Library for using Amazon Athena JDBC Driver with ScalikeJDBC
- Download Athena JDBC 2.x driver
- This library is basically depends on Athena JDBC 2.x driver.
Choose your preferred or latest version in 2.x.
If you encounter problems with a particular version, please feel free to report it.
- This library is basically depends on Athena JDBC 2.x driver.
> mkdir lib
> curl -L -O https://downloads.athena.us-east-1.amazonaws.com/drivers/JDBC/SimbaAthenaJDBC-2.1.1.1000/AthenaJDBC42-2.1.1.1000.jar
> mv AthenaJDBC42-2.1.1.1000.jar lib/
- Add library dependencies to sbt build settings
libraryDependencies ++= Seq(
"org.scalikejdbc" %% "scalikejdbc" % "4.0.0",
"com.zaneli" %% "scalikejdbc-athena" % "0.3.0"
)
- Configure the JDBC Driver Options on
resources/application.conf
athena {
default {
driver="com.simba.athena.jdbc.Driver"
url="jdbc:awsathena://AwsRegion={REGION}"
readOnly="false"
S3OutputLocation="s3://query-results-bucket/folder/"
AwsCredentialsProviderClass="com.simba.athena.amazonaws.auth.profile.ProfileCredentialsProvider"
LogPath="logs/application.log"
LogLevel=3
}
}
If you need to update partitions etc., set readOnly="false"
import scalikejdbc._
import scalikejdbc.athena._
val name = "elb_demo_001"
DB.athena { implicit s =>
val r = sql"""
|SELECT * FROM default.elb_logs_raw_native
|WHERE elb_name = $name LIMIT 10;
""".stripMargin.map(_.toMap).list.apply()
r.foreach(println)
}
- set
S3OutputLocationPrefix
instead ofS3OutputLocation
athena {
default {
driver="com.simba.athena.jdbc.Driver"
url="jdbc:awsathena://AwsRegion={REGION}"
readOnly="false"
S3OutputLocationPrefix="s3://query-results-bucket/folder"

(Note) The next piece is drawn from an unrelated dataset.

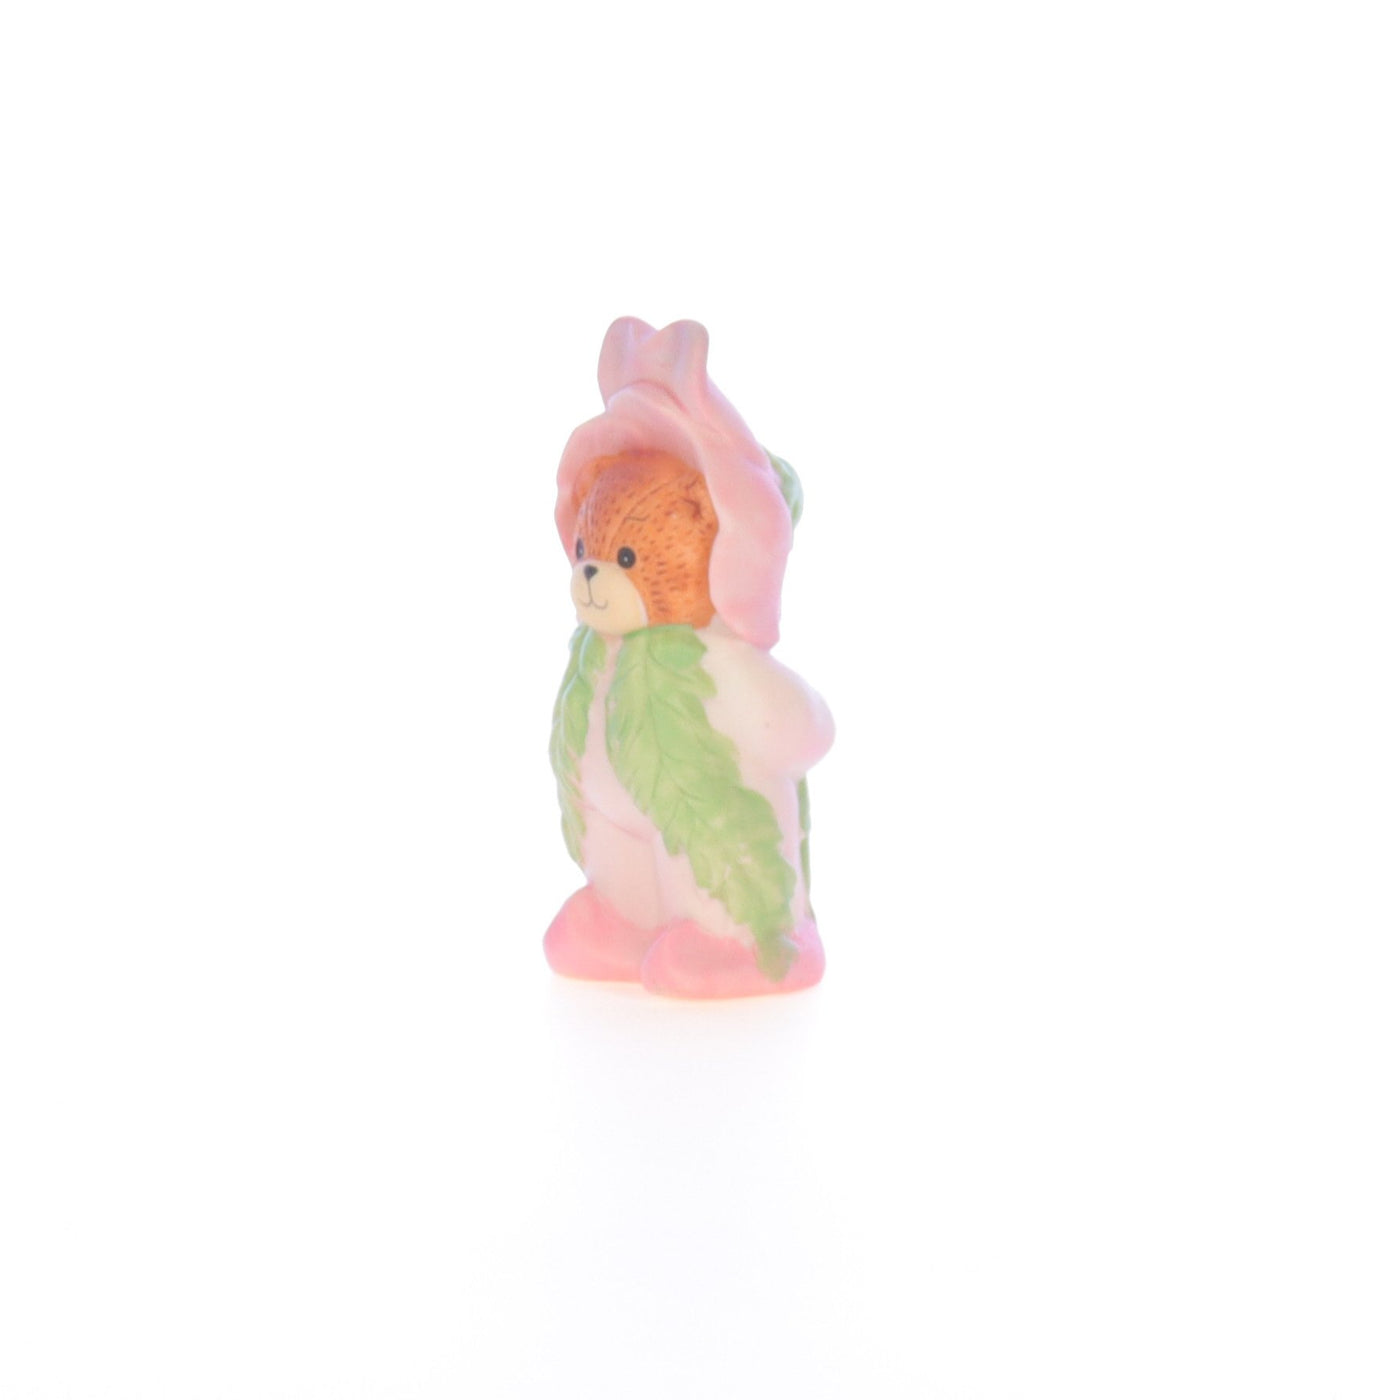 Lucy_And_Me_by_Lucy_Atwell_Porcelain_Figurine_Bear_with_Pink_Flower_Costume_Lucy_Unknown_011_02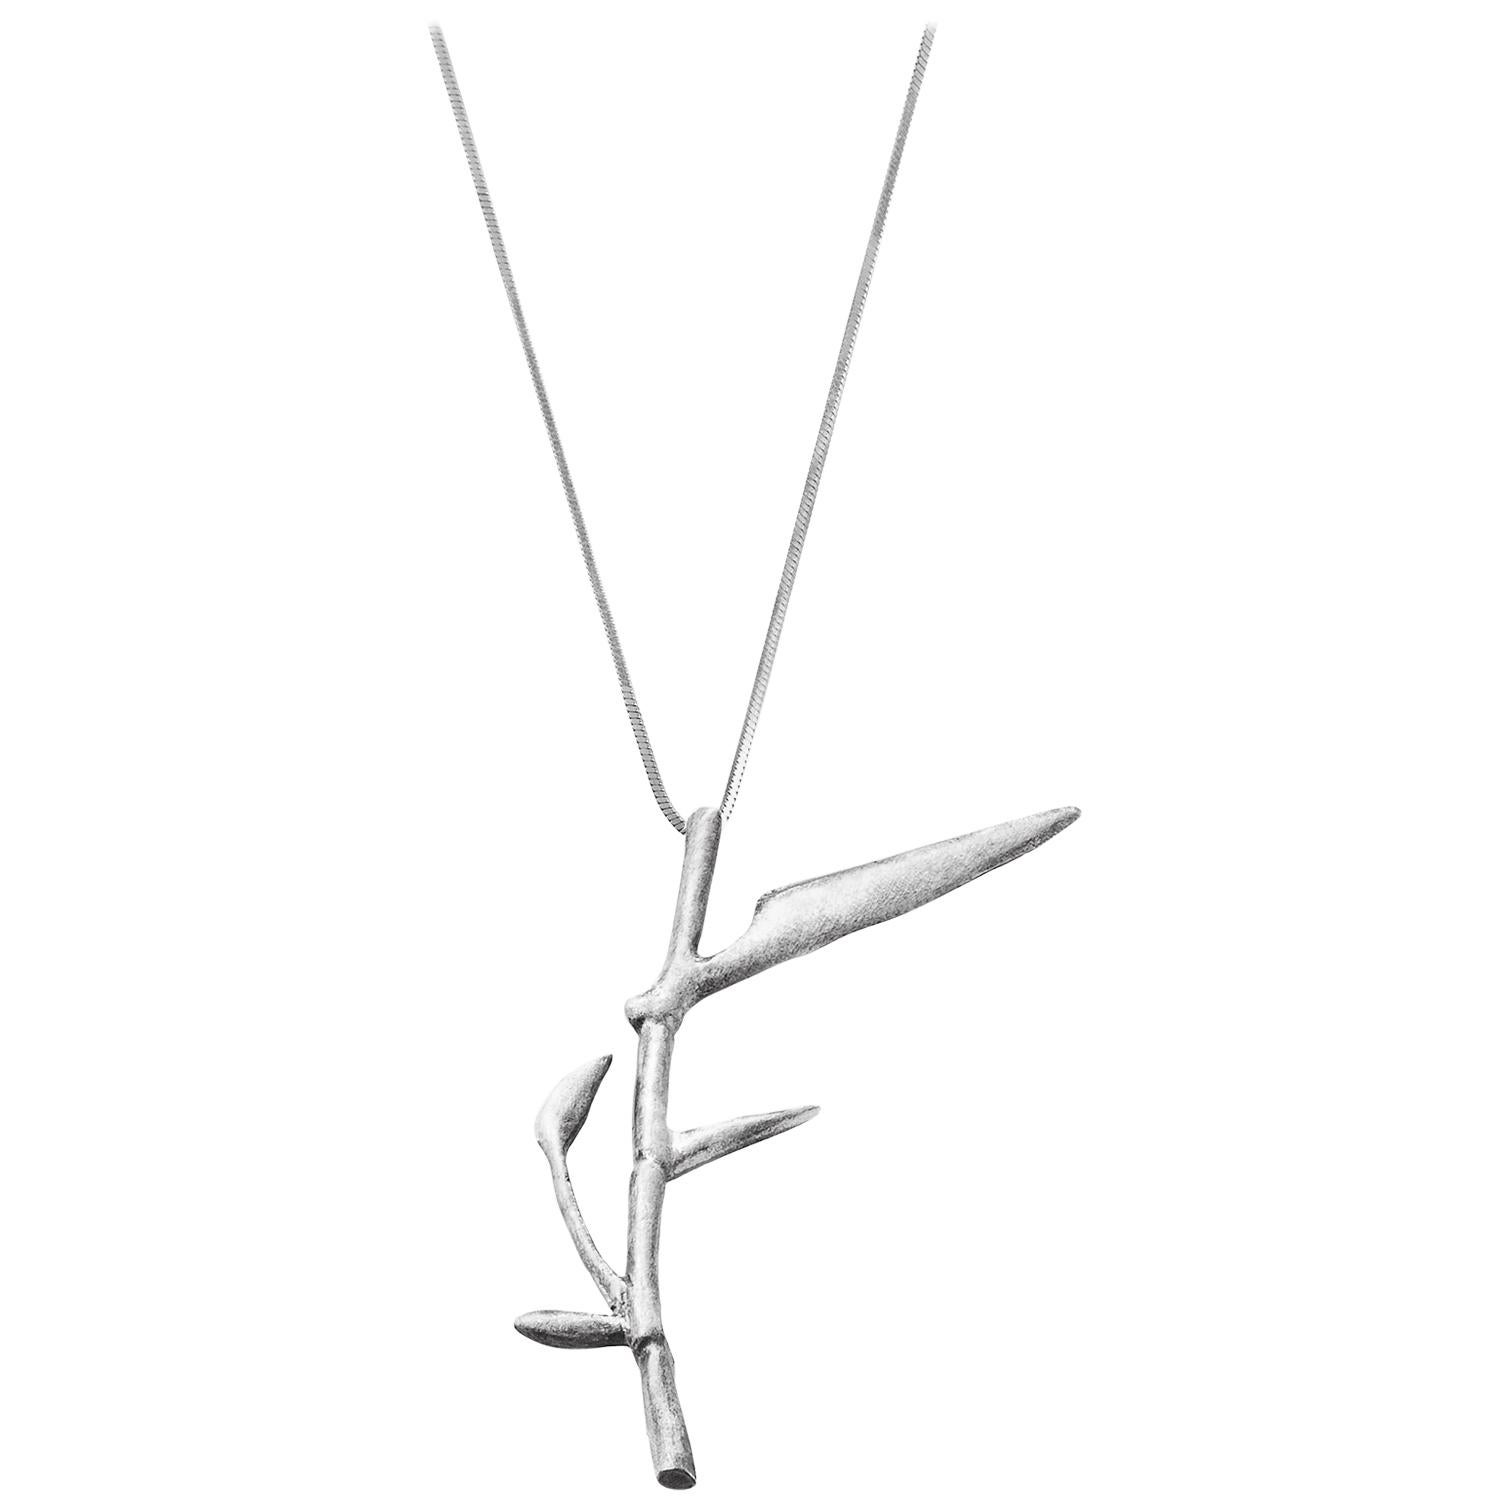 Contemporary Bamboo Pendant Necklace in Sterling Silver N3

AwsCredentialsProviderClass="com.simba.athena.amazonaws.auth.profile.ProfileCredentialsProvider"
LogPath="logs/application.log"
LogLevel=3
}
}
- use aws-java-sdk-s3
import com.amazonaws.auth.profile.ProfileCredentialsProvider
import com.amazonaws.services.s3.AmazonS3ClientBuilder
import com.amazonaws.services.s3.model.DeleteObjectsRequest
import scalikejdbc._
import scalikejdbc.athena._
import scala.collection.JavaConverters._
val s3Client = AmazonS3ClientBuilder.standard().withCredentials(new ProfileCredentialsProvider()).build()
val regex = """s3://(.+?)/(.+)""".r
DB.athena { implicit s =>
val r = sql"...".map(_.toMap).list.apply()
r.foreach(println)
s.getTmpStagingDir.foreach { // Some("s3://query-results-bucket/folder/${java.util.UUID.randomUUID}")
case regex(bucketName, path) =>
val keys = s3Client.listObjects(bucketName, path).getObjectSummaries.asScala
.map(s => new DeleteObjectsRequest.KeyVersion(s.getKey))
if (keys.nonEmpty) {
val delReq = new DeleteObjectsRequest(bucketName)
delReq.setKeys(keys.asJava)
s3Client.deleteObjects(delReq)
}
}
}
scalikejdbc-athena is inspired by scalikejdbc-bigquery.